Lightning Diogo Moreira, Francisco Castro, Diogo Pereira and Arthur

What Causes Lightning?

Lightning is created by the clash of two clouds
In thunderclouds bottom is usually negative and top is positive.

Which are the Worst Places to be on a Storm

Under a Tree - Lightning typically strikes to the tallest object, because it requires the shortest distance between cloud and the tree, and the tree is a conductor of electricity (it has water inside)
On a sailboat - Cruise ships and well-equipped yachts are very dangerous to be on a lightning storm on water, only when it has lightning protection system installed, the electricity will mostly be driverted to the water.

How Lightning is Formed

The particles in the cloud become charged. It’s not clear how it happens, but charges separate in the cloud. Positive charges move up, and negatives move down.
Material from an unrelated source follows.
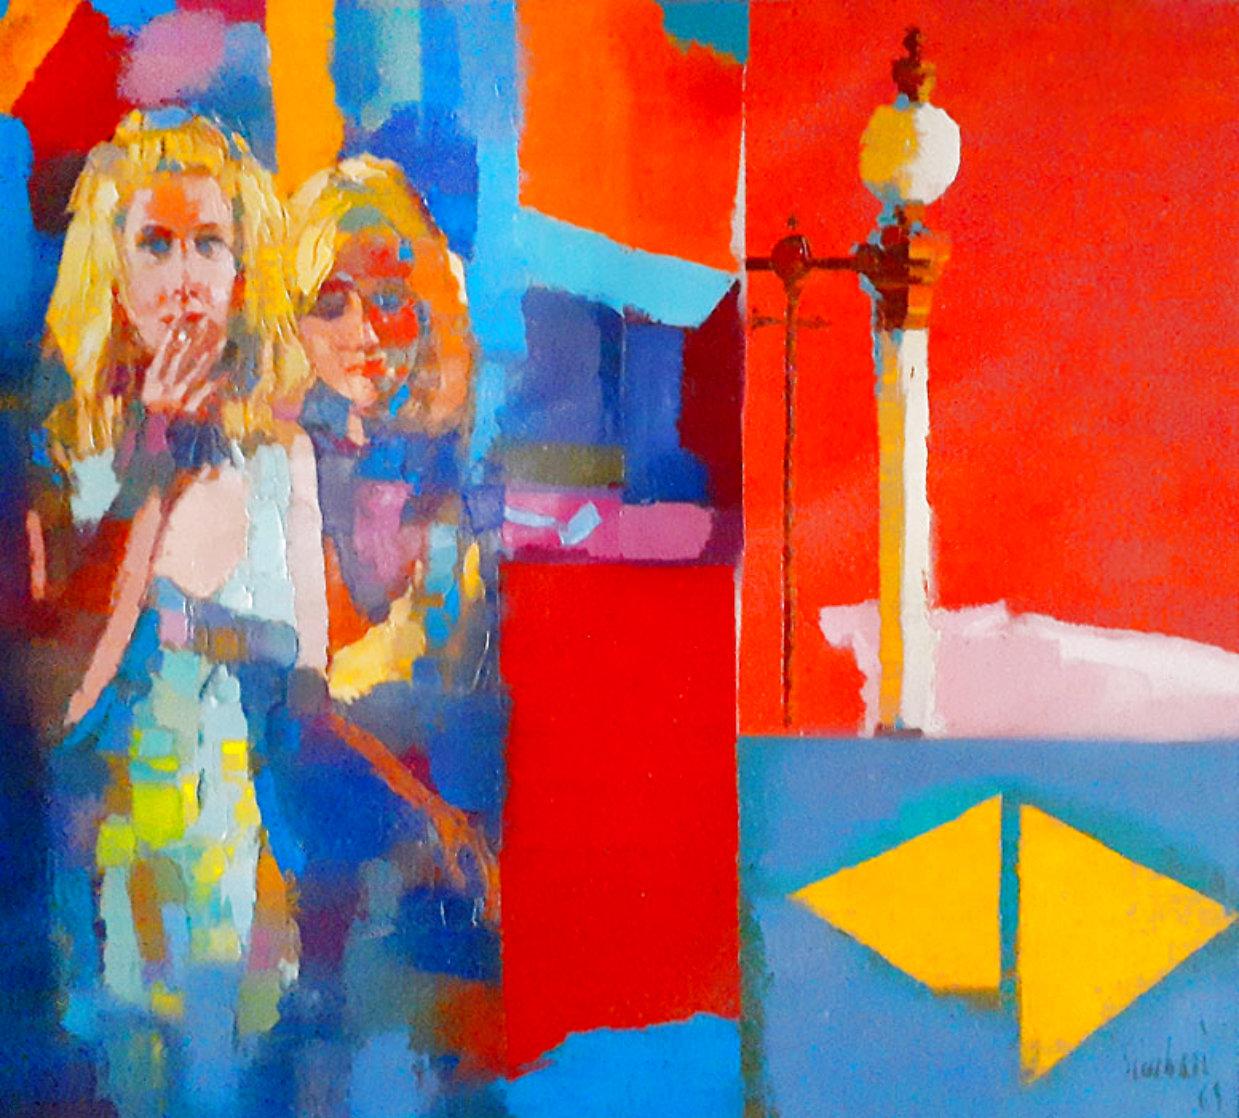 Red Room 44x44 Huge Original Painting by Nicola Simbari

Once a significant charge separation has built up, the positive and negative charges seek to reach each other and neutralise.

As the negative charge races down, the air surrounding it heats up.The spark almost 20,000 degrees Celsius, and it rapidly heats the air to create a shock wave.

How Understand the Distance of a Lightning

To find out how far away the storm is, you can count how long you hear the sound after the lightning. For every 4 seconds between the flash and the rumble, the thunderstorm is 1 mile away that is close to 1,4 km

What is a Lightning Conductor?

Lightning conductor is a metal rod or metallic object mounted on top of an elevated structure, such as a building, a ship, or even a tree, electrically bonded using a wire or electrical conductor to interface with ground

How does a Lightning Conductor Works?

As a lightning protection system, lightning conductors have the job to protect buildings and tall structures. And it works like this: if a lightning strike the structure it will hit the lightning conductor and be conduct the lighting strike to the ground though wires

Interesting Facts:

Lightning bolts can travel at speeds of up to 60,000 miles per second. Every second around 100 bolts of lightning strike the Earth.


One lightning bolt has enough electricity to power 200,000 homes. You're more likely to be struck by lightning than by eaten by a shark.